◆ REQUIREMENT
The output is to match the entries below character for character.

◆ EXTRACTED INFORMATION
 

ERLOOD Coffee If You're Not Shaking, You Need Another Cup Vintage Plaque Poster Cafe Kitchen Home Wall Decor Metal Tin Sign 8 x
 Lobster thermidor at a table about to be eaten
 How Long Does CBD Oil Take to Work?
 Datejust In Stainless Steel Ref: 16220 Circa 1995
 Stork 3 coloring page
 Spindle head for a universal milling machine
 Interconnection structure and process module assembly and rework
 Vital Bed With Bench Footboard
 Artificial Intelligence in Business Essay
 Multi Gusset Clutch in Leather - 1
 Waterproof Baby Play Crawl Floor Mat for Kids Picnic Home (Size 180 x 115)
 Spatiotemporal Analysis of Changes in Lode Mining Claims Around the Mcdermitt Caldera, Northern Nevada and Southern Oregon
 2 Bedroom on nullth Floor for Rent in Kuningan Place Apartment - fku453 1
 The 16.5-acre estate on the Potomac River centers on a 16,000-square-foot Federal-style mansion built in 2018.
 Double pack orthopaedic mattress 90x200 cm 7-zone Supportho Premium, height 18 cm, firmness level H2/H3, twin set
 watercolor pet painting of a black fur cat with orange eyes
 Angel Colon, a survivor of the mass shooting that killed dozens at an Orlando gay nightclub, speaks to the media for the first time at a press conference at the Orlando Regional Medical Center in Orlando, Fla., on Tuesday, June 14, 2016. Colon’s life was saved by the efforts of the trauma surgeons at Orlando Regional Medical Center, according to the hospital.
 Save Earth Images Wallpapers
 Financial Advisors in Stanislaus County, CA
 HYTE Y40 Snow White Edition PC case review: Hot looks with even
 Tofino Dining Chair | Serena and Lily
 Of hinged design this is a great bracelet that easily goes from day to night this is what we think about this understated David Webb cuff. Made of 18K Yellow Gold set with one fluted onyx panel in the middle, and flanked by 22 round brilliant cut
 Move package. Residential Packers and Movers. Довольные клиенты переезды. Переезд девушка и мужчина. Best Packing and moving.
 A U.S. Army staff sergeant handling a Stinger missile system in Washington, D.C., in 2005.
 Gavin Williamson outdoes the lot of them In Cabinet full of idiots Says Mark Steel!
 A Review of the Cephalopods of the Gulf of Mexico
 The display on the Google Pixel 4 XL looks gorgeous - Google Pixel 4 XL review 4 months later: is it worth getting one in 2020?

◆ WRITTEN REPLY
ERLOOD Coffee If You're Not Shaking, You Need Another Cup Vintage Plaque Poster Cafe Kitchen Home Wall Decor Metal Tin Sign 8 x
 Lobster thermidor at a table about to be eaten
 How Long Does CBD Oil Take to Work?
 Datejust In Stainless Steel Ref: 16220 Circa 1995
 Stork 3 coloring page
 Spindle head for a universal milling machine
 Interconnection structure and process module assembly and rework
 Vital Bed With Bench Footboard
 Artificial Intelligence in Business Essay
 Multi Gusset Clutch in Leather - 1
 Waterproof Baby Play Crawl Floor Mat for Kids Picnic Home (Size 180 x 115)
 Spatiotemporal Analysis of Changes in Lode Mining Claims Around the Mcdermitt Caldera, Northern Nevada and Southern Oregon
 2 Bedroom on nullth Floor for Rent in Kuningan Place Apartment - fku453 1
 The 16.5-acre estate on the Potomac River centers on a 16,000-square-foot Federal-style mansion built in 2018.
 Double pack orthopaedic mattress 90x200 cm 7-zone Supportho Premium, height 18 cm, firmness level H2/H3, twin set
 watercolor pet painting of a black fur cat with orange eyes
 Angel Colon, a survivor of the mass shooting that killed dozens at an Orlando gay nightclub, speaks to the media for the first time at a press conference at the Orlando Regional Medical Center in Orlando, Fla., on Tuesday, June 14, 2016. Colon’s life was saved by the efforts of the trauma surgeons at Orlando Regional Medical Center, according to the hospital.
 Save Earth Images Wallpapers
 Financial Advisors in Stanislaus County, CA
 HYTE Y40 Snow White Edition PC case review: Hot looks with even
 Tofino Dining Chair | Serena and Lily
 Of hinged design this is a great bracelet that easily goes from day to night this is what we think about this understated David Webb cuff. Made of 18K Yellow Gold set with one fluted onyx panel in the middle, and flanked by 22 round brilliant cut
 Move package. Residential Packers and Movers. Довольные клиенты переезды. Переезд девушка и мужчина. Best Packing and moving.
 A U.S. Army staff sergeant handling a Stinger missile system in Washington, D.C., in 2005.
 Gavin Williamson outdoes the lot of them In Cabinet full of idiots Says Mark Steel!
 A Review of the Cephalopods of the Gulf of Mexico
 The display on the Google Pixel 4 XL looks gorgeous - Google Pixel 4 XL review 4 months later: is it worth getting one in 2020?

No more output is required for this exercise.